As political theater, the spectacle of health care providers joining President Obama in a pledge to constrain medical costs sure beats a rerun of Harry and Louise. And it may well avert an encore performance, which would be a good thing. The anti-Clintoncare commercials were created by providers as a show of their frustration at being shut out of the process.
Including them this time is a lesson learned that will yield important positive atmospherics. My enthusiasm is muted by the feeling that is yet another event in the "save by spending more" competition that's been diverting us from the real issues for years. It may not be as phony as promises of a free lunch; it seems to offer an amazingly cheap one.
In fact, we've seen this show before. Somehow the long-term savings never quite meet the promises made in justifying the short-term spending, or investment as proponents tend to call it (as in "invest in educating kids today and you'll have fewer felons you'll have to house in expensive prisons tomorrow.")
While the numbers for health spending are bigger, this isn't unlike the consumer who buys a Prius to combat $4-a-gallon gas prices, but finds he never saves what he anticipated because gas has dropped to $2-a-gallon and registration fees have been hiked to make up the gas tax revenues lost.

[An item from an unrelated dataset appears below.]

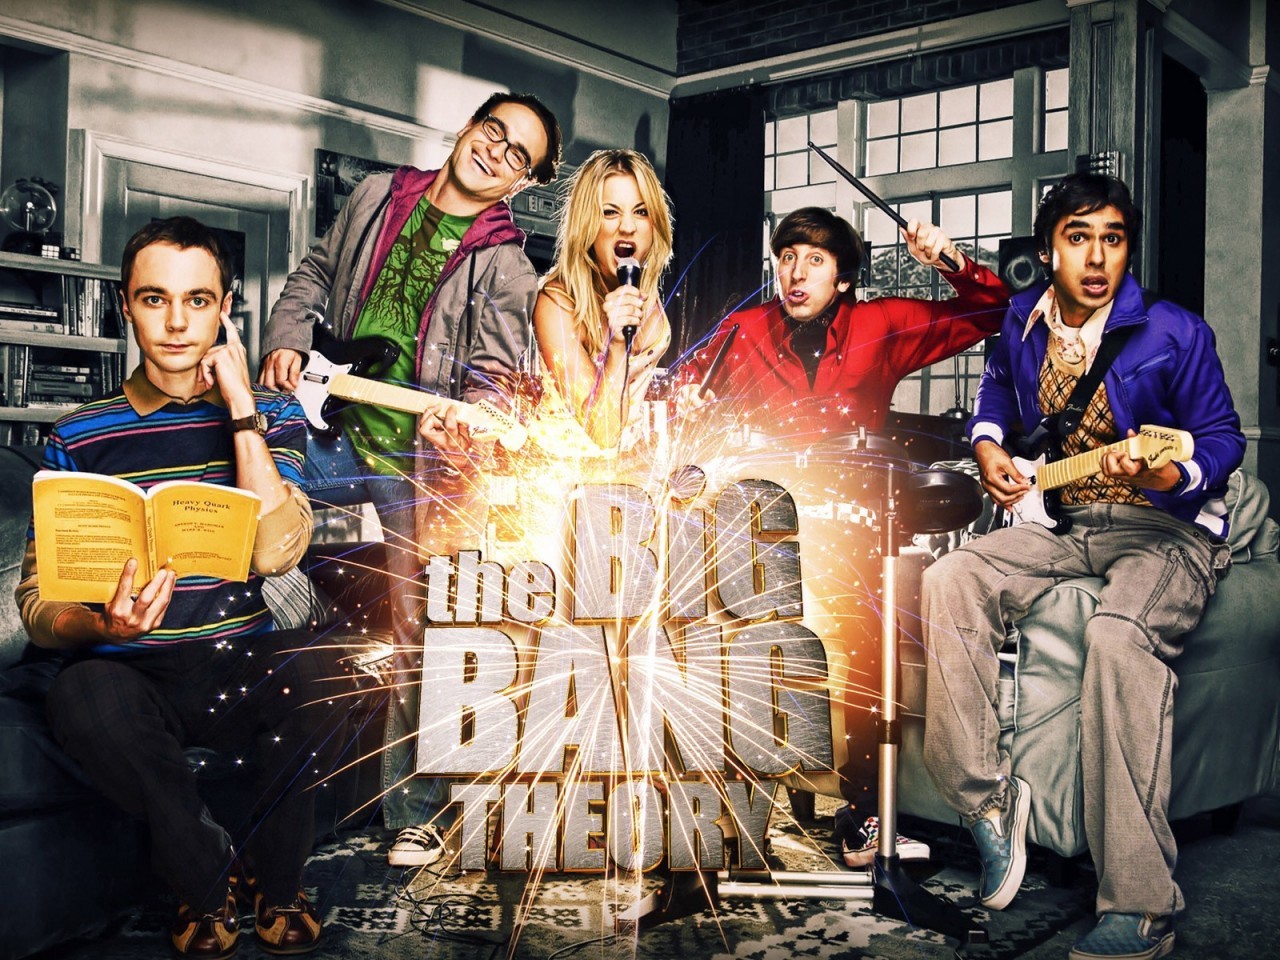 Melhores papéis de parede de Big Bang Theory para tela do telefone

Within the health community, this game has now been running for decades and has gotten fairly slick. Insurers and consumers argue that providing insurance for all would save money because it would eliminate the cost of uncompensated care that all of us must share, but it lowers total costs by treating people early before their problems became serious and expensive.
Drug firms argue that expensive hospitalizations could be avoided if more people took pills that cost less. Doctors claims that regular physician visits could avert emergency room care that costs a lot more. And, of course, some employers think that on-site gyms will result in fitter employees who are healthier.
All of these are good ideas that are true some of the time. All of them have been tried. And none of them have proven to be the silver bullet that reversed the relentless growth of our national health bill.
Americans are consuming more drugs and spending fewer days in the hospital and while there's a theoretical argument that the bill would be even bigger had that not happened, the reality is that the pattern of growth hasn't been reversed -- or even slowed significantly.
The White House session is an effort to paper over the reality that some of the players are going to take a hit in a reorganized system. Ideally, everyone -- which is to say both patients and providers -- would get a bit less.
But it isn't likely that such a plan of shared sacrifice will elicit a chorus of kumbuyahs that this week's White House pep rally did.